Louis Dreyfus and Nature Conservancy collab could grow to solicit capital

The Nature Conservancy’s Michael Wironen says the pair contemplate ‘there will be an interest and need in attracting capital’ as the regenerative ag and habitat conservation partnership develops.

A collaboration between Louis Dreyfus Company and non-profit The Nature Conservancy could eventually solicit capital to support regenerative agricultural practices and efforts to eliminate deforestation and conversion of agricultural land.

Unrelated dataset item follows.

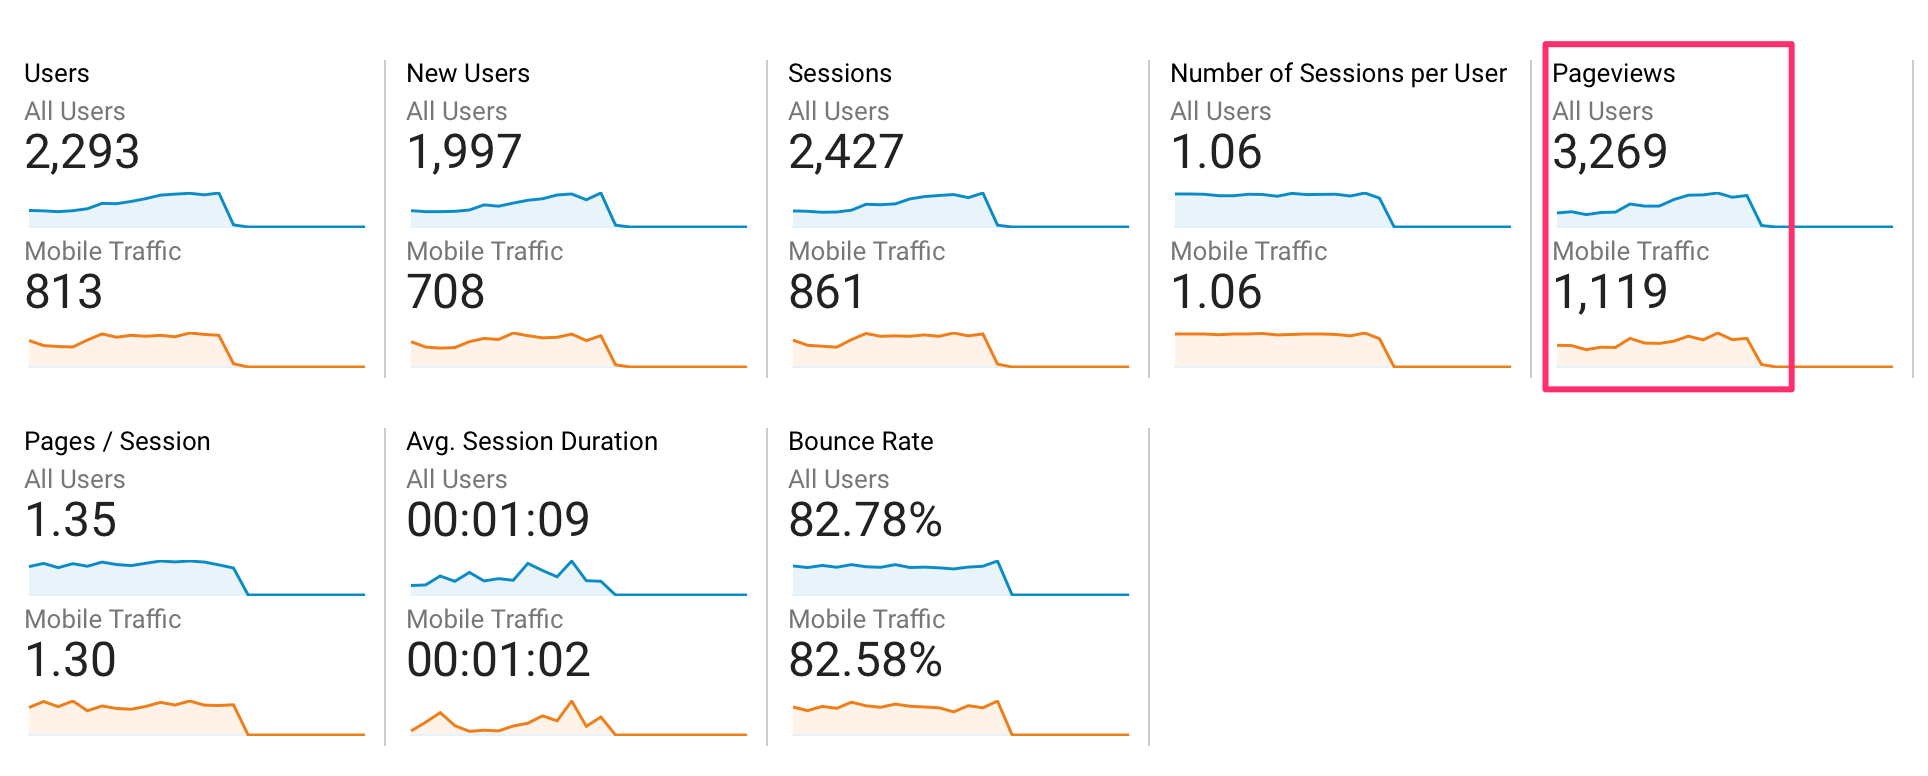 Pageviews from Mobile Traffic

Netherlands-headquartered LDC and Virginia-based TNC said they will work to promote and implement regenerative and habitat conservation practices in an announcement earlier this month. Initial focus will be on sustainability in production of grains, oilseeds, cotton and coffee in North and South America.

Greg Fishbein, TNC’s director of agriculture finance, told affiliate title Agri Investor the LDC collaboration is at its early stages and still focused on building on existing work developing financial mechanisms and incentives to encourage shifts in farmer behaviour. He explained that although TNC’s NatureVest unit – which helps connect investors with relevant sustainability opportunities when appropriate – is not yet involved in its partnership with LDC, that could change as the projects develop.

“We certainly contemplate that, as those [projects] get further fleshed out, there will be an interest and need in attracting capital to that, including various forms of capital including working with banks but potentially investors of various types in funds that could be set up to support that,” he said. “That’s part of the partnership; to figure out what those products and mechanisms are and how to attract the capital.”

The collaboration includes a pillar dedicated to regenerative agriculture with an initial focus on the US, Canada, Brazil and Argentina, as well as an expansion of an existing collaboration between LDC and TNC on deforestation and conversion-free production that has focused largely on Brazil. Also included within the two organisations’ plans are projects focused on citrus farming in Brazil and coffee production in Vietnam, Indonesia, Uganda and elsewhere.

TNC director of corporate engagement for food and water Michael Wironen told Agri Investor the partnership with LDC comes at a time when companies throughout the ag supply chain are engaging on regenerative agriculture without a particularly robust understanding of what it entails.

“What LDC has recognised is that if they want to be successful as these critical intermediaries between producers and the market, they are going to be asked by the customers to deliver regenerative commodities that meet certain environmental attributes. To do that they need to have robust and credible ways of measuring impact in exactly the same way as a KPI-linked bond or some other financial instrument with environmental performance criteria might have,” said Wironen, who joined TNC in 2018 after 10 years as a senior sustainability specialist at New York-headquartered consultancy Ecology and Environment, according to his LinkedIn profile.

“[LDC] are a trader; they are not an agronomy company, so bringing in a partner like The Nature Conservancy provides that trusted but critical third-party perspective on what is robust, what is rigorous and what is credible and will help them ensure that when they are bringing products to the market that are ‘regenerative’ or ‘sustainable’, that it means something,” said Wironen.

LDC has an existing commitment to eliminate deforestation and conversion of native vegetation of high conservation value to agricultural production by an initial target date of 2025, with a final cut-off date in 2030. Those efforts include plans to support regenerative practices on three million acres managed by a network of approximately 30,000 farmers already in its network.

Fishbein described existing efforts in Brazil to build upon commitments by traders not to source from agricultural production sites created through deforestation or conversion of properties after 2020 as particularly important.

“We’re going to have to be looking to these pastures that were cleared decades ago as the potential opportunity to meet growing demand for soybeans in a way that eliminates conversion,” Wironen added. “Otherwise, the commitments that we are seeing from the food companies and from the Walmarts of the world are going to be much harder to meet, or they are going to be met with things that really don’t hold up the scrutiny that we would demand.”